Daily Real Estate News | Wednesday, May 14, 2014
Tight lending conditions have been blamed for hindering the housing recovery, but a series of announcements by the Federal Housing Finance Agency on Tuesday could be the long-awaited easing that many sidelined borrowers had been hoping for.
The FHFA’s new director, Mel Watt, made several announcements Tuesday that departed from his predecessors and aim to maintain Fannie Mae and Freddie Mac’s role in the housing market as well as broaden home lending by the mortgage giants.
In one reversal, Watt said that Fannie Mae and Freddie Mac would keep current loan limits in place that the mortgage giants guarantee. The FHFA had planned to reduce the current limits on loans, which had set off an outcry in the housing industry that such a move could further hamper lending. Fannie Mae and Freddie Mac own or guarantee about 60 percent of mortgages in the United States. Last year, the FHFA had announced it was weighing a plan to gradually reduce the maximum loan amounts that Freddie Mac and Fannie Mae would be able to purchase for single-family mortgages. The FHFA wanted to reduce the current loan limits from $417,000 in most areas of the country and $625,500 in high-cost areas to $400,000 and $600,000, respectively, a reduction of 4.1 percent.
“This decision is motivated by concerns about how such a reduction could adversely impact the health and current housing finance market,” Watt said at an event at the Brookings Institution in Washington, D.C., on Tuesday, to keep current limits in place.

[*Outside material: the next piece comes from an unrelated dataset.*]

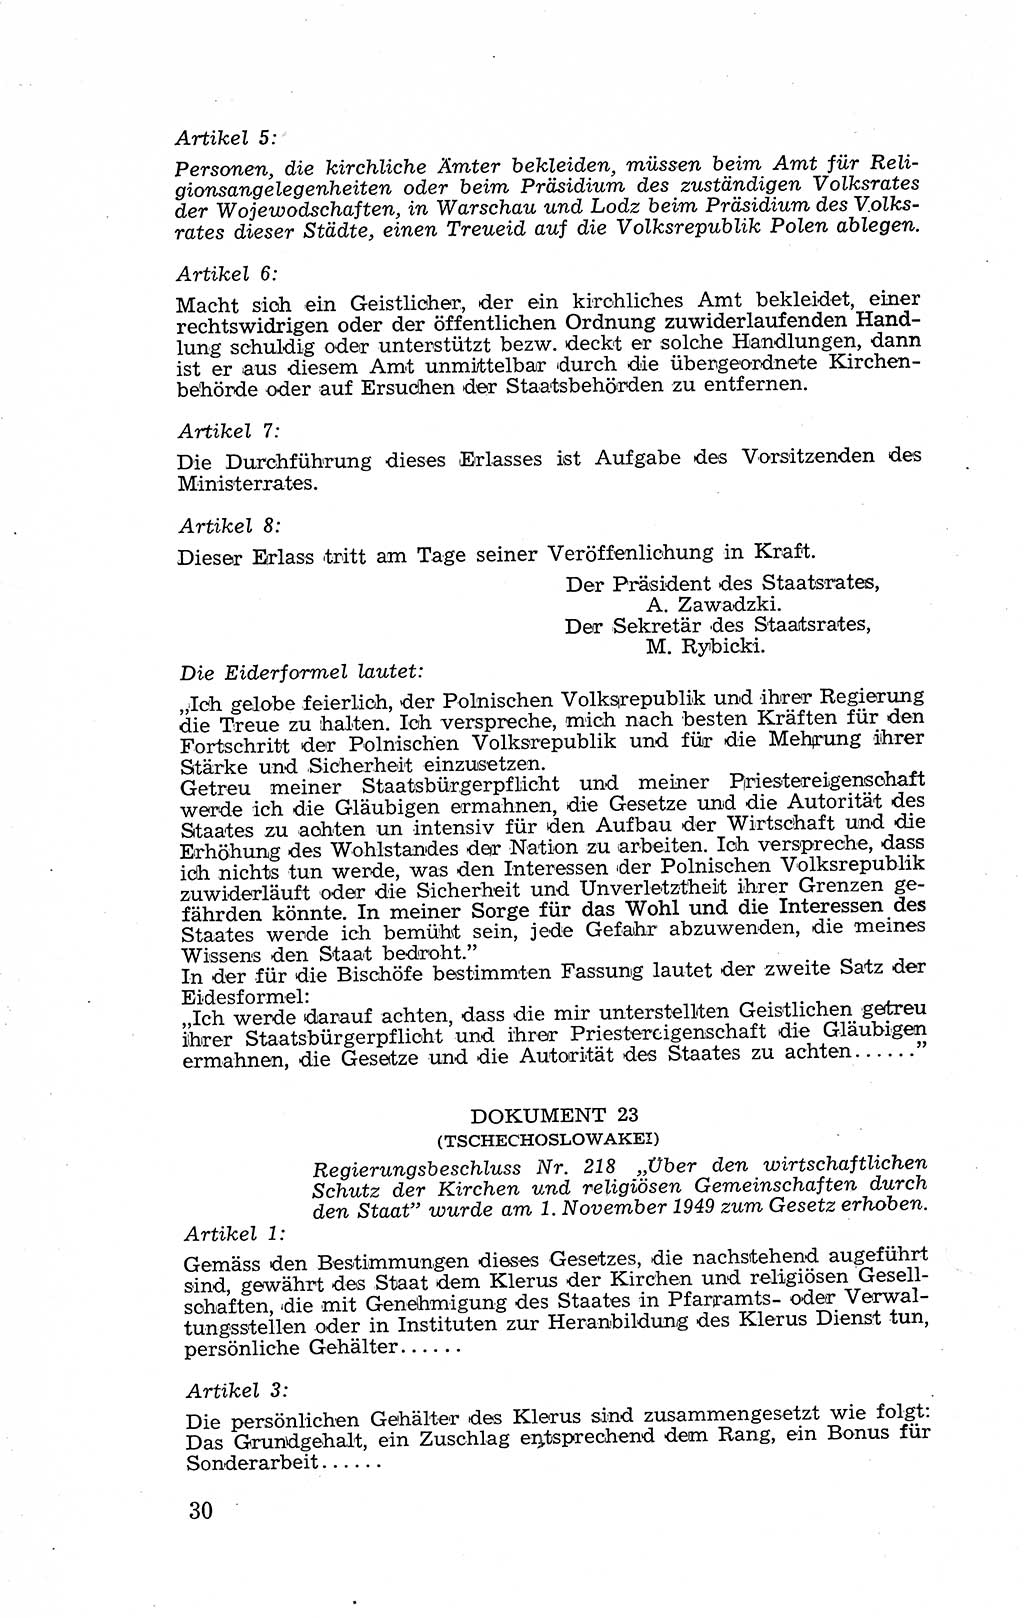 Recht in Fesseln, Dokumente, Internationale Juristen-Kommission [Bundesrepublik Deutschland (BRD)] 1955, Seite 30 (R. Dok. IJK BRD 1955, S. 30)

Watt also announced that the FHFA would ease standards that it provides to banks on buying back faulty loans. For example, lenders will now allow two delinquent payments in the first 36 months after their acquisition of a loan. The change is intended to increase mortgage lending. Many banks tightened credit standards, partially because of a requirement that they take losses if a borrower defaults.
“Our overriding objective is to ensure that there is broad liquidity in the housing finance market and to do so in a way that is safe and sound,” Watt said.
Fannie and Freddie remain under U.S. conservatorship, and lawmakers’ efforts to reduce the GSEs’ footprint in the market in recent months in order to make room for more private lending have resulted in rising costs for government-backed loans.
“I don’t think it’s FHFA’s role to contract the footprint of Fannie and Freddie,” Watt said. Without proof that private investors will step in to fill the void, Watt said it “would be irresponsible” for Fannie Mae and Freddie Mac to retreat on lending.
Also on Tuesday, the Federal Housing Administration released plans to expand credit access for underserved borrowers through a pilot program called Homeowners Armed with Knowledge (or HAWK). Home buyers may be able to qualify for savings on their FHFA-insured loans by completing counseling provided by an independent nonprofit organization.